2005 – Crash (winner) – What’s better: Brokeback Mountain, Capote, Good Night and Good Luck and Munich.
1998 – Shakespeare in Love (winner) – What’s better: Saving Private Ryan and The Thin Red Line.
1996 – The English Patient (winner) – What’s better: Fargo.
1990 – Dances with Wolves (winner) – What’s better: Goodfellas (and this one isn’t remotely close).
1982 – Gandhi (winner) – What’s better: E.T. the Extra-Terrestrial.
1976 – Rocky (winner) – What’s better: All the President’s Men, Network and Taxi Driver.

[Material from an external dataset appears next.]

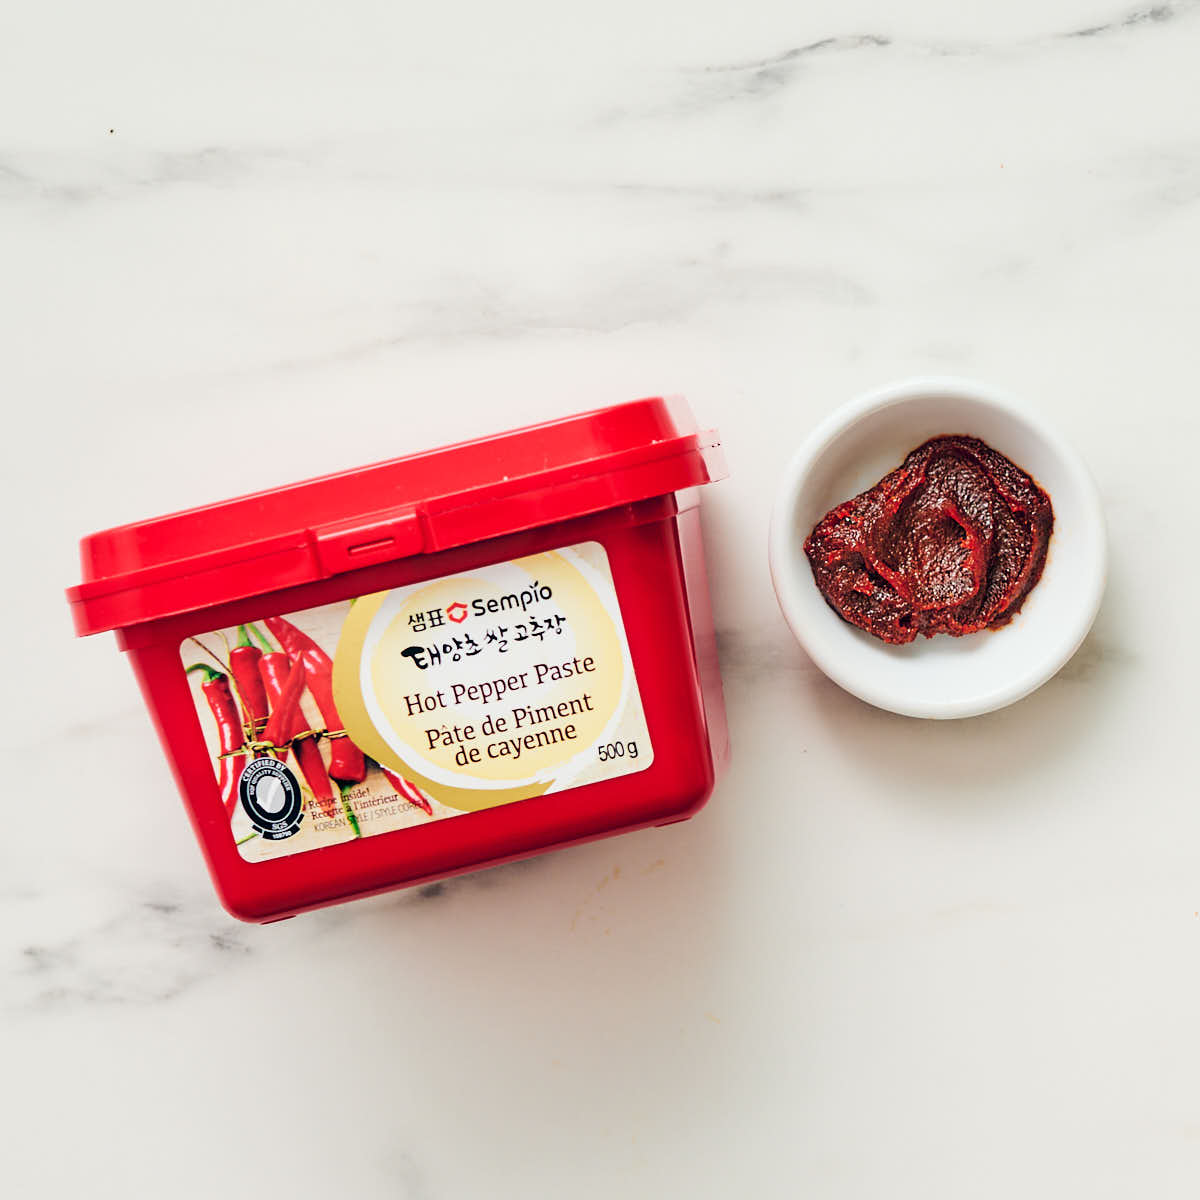 Gochujang (Korean chili paste) in a red package with a small bowl of paste scooped out.

Stanley Kubrick was one of America’s greatest directors, but explain how in the world that one of the most celebrated filmmakers ever never won one Academy Award from A Clockwork Orange, The Shining, Full Metal Jacket, Barry Lyndon, 2001 A Space Odyssey, or Dr. Strangelove. Why should we put so much validity into the biggest awards show on the planet when they so frequently gets it wrong? This isn’t a “subjective” argument either. No, it’s a majority who acknowledge years later that other movies were better. It’s that those movies were a better representative of the time in which they were made.
The proposal is simple; keep having the annual ceremony but exclude the one Best Picture category and give out the 2009 award in 2019. Many of these Best Picture winners are fleeting ten years later. They don’t hold up. Do you think in 1995 that a majority of people would at least nominate Back to the Future?
You bet they would and that’s the point.